The previous two sections suggest that bivariate ARR commonly used in the literature (Chang and Glover, 2010; Zalesky et al., 2014) might be susceptible to false positives. To understand why this might occur, let us consider the toy example illustrated in Figure 7. In this toy example, there are three brain regions *X*, *Y* and *Z*, whose signals follow a first order AR model (Figure 7A). With the multivariate ARR procedure, the AR parameters were estimated using the time series from all three brain regions. The estimated AR parameters (Figure 7B) were the same as the true parameters (Figure 7A). As illustrated in Figure 7B, there is no arrow directly connecting brain regions *Y* and *Z*. In other words, brain regions *Y* and *Z* only influence each other via brain region *X*.

On the other hand, the bivariate ARR procedure estimates AR parameters separately for brain regions *X* and *Y*, brain regions *X* and *Z*, and brain regions *Y* and *Z*. The estimated parameters (Figure 7C) are generally different from the true AR parameters (Figure 7A). More specifically, brain regions *Y* and *Z* exert direct inuence on each other (which is non-existent under the true model).

When generating null data using multivariate ARR, the time course at brain region *X* is generated by taking into account the inuence of both brain regions *Y* and *Z* (Figure 7B). However, in the bivariate ARR procedure, the time course at brain region *X* is generated by taking into account the inuence of only brain region *Y* (left panel of Figure 7C) or brain region *Z* (center panel of Figure 7C), but not both. Therefore bivariate ARR neglects inuence among all brain regions.

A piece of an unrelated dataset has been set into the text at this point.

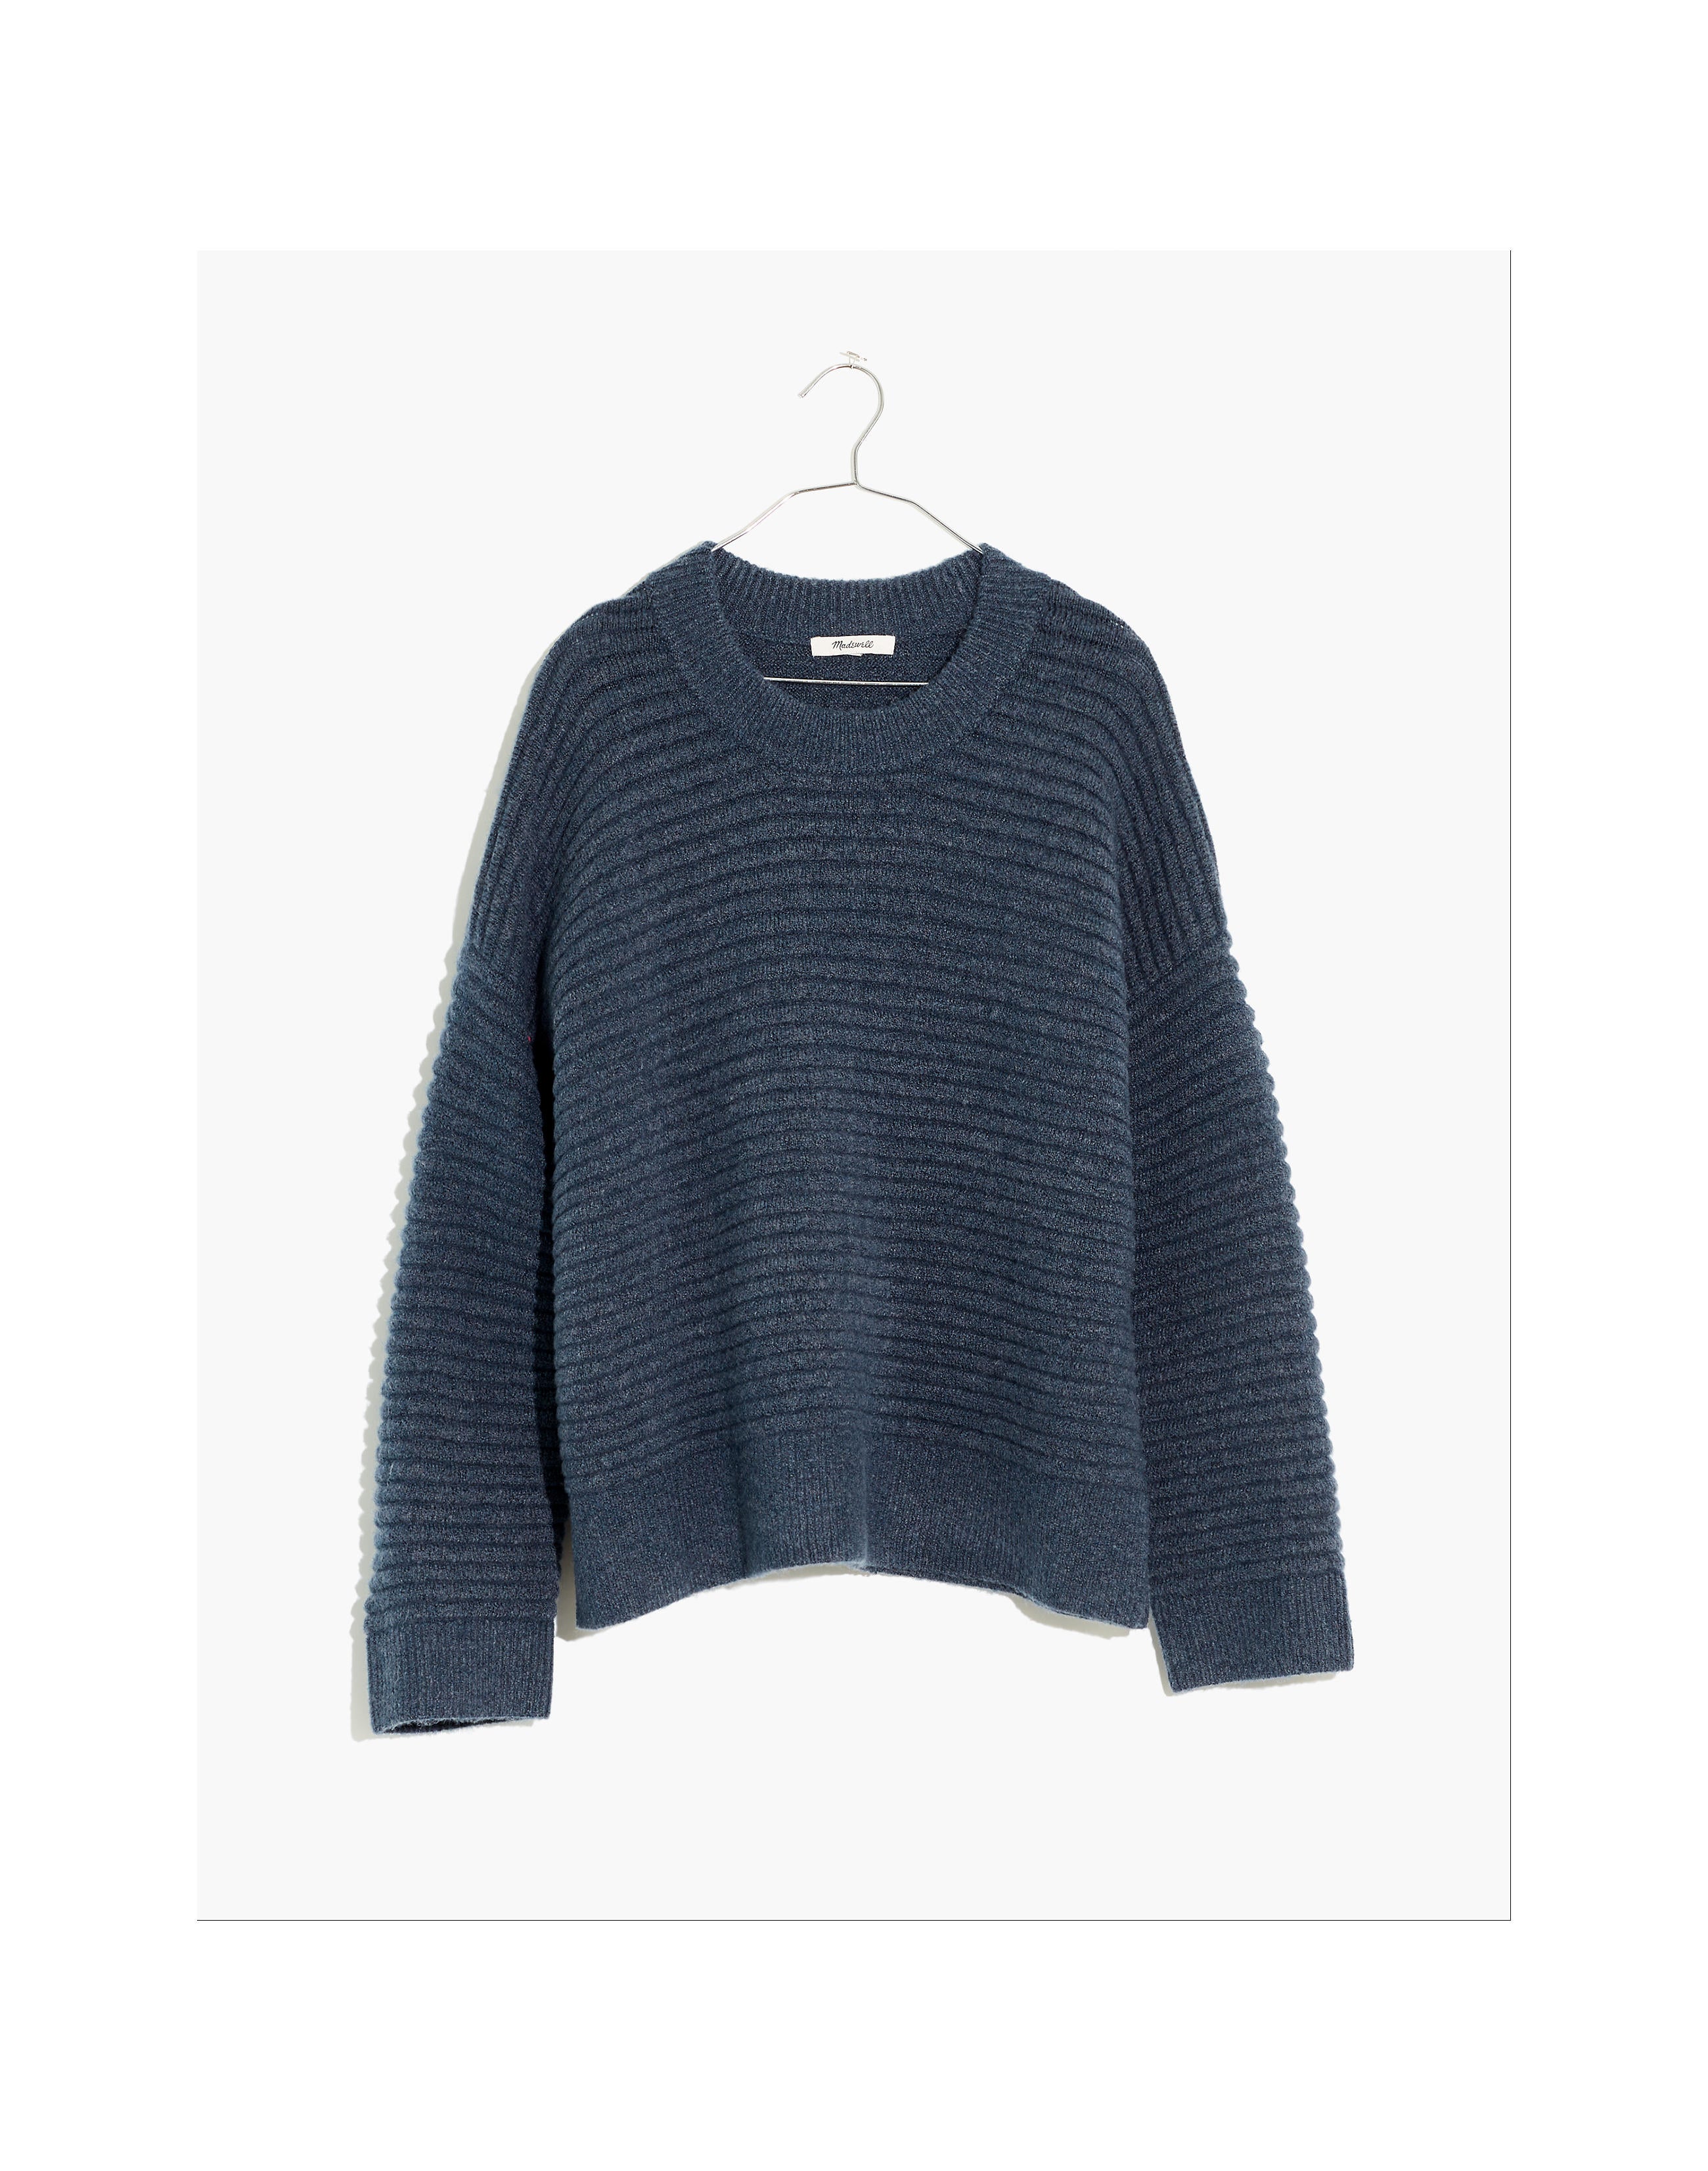 Madewell + Elsmere Pullover Sweater

Furthermore, since bivariate ARR estimates the AR parameters for each pair of brain regions separately, any coherence among pairs of brain regions is destroyed. Consequently, the false positive situation appeared more severe when evaluating the existence of coherent brain dynamics (section 6.4) than when evaluating the existence of “dynamic” connections (section 6.3).

### 6.6. Control analyses

To ensure the results are robust to the particular choice of parameters, the sliding window size was varied from 20 frames to 100 frames, and the AR model order *p* was varied from 1 to 8. When evaluating coherence of whole brain dynamics, the number of most dynamic connections was also varied from 20 to 200. Since thresholding by DVARS might artificially exclude “real” dynamics, we also considered all the HCP subjects, rather than just the top 100 participants with least motion and DVARS. We also considered a higher resolution resting-state parcellation with 400 ROIs (Schaefer et al., 2017). None of these changes significantly affected the results.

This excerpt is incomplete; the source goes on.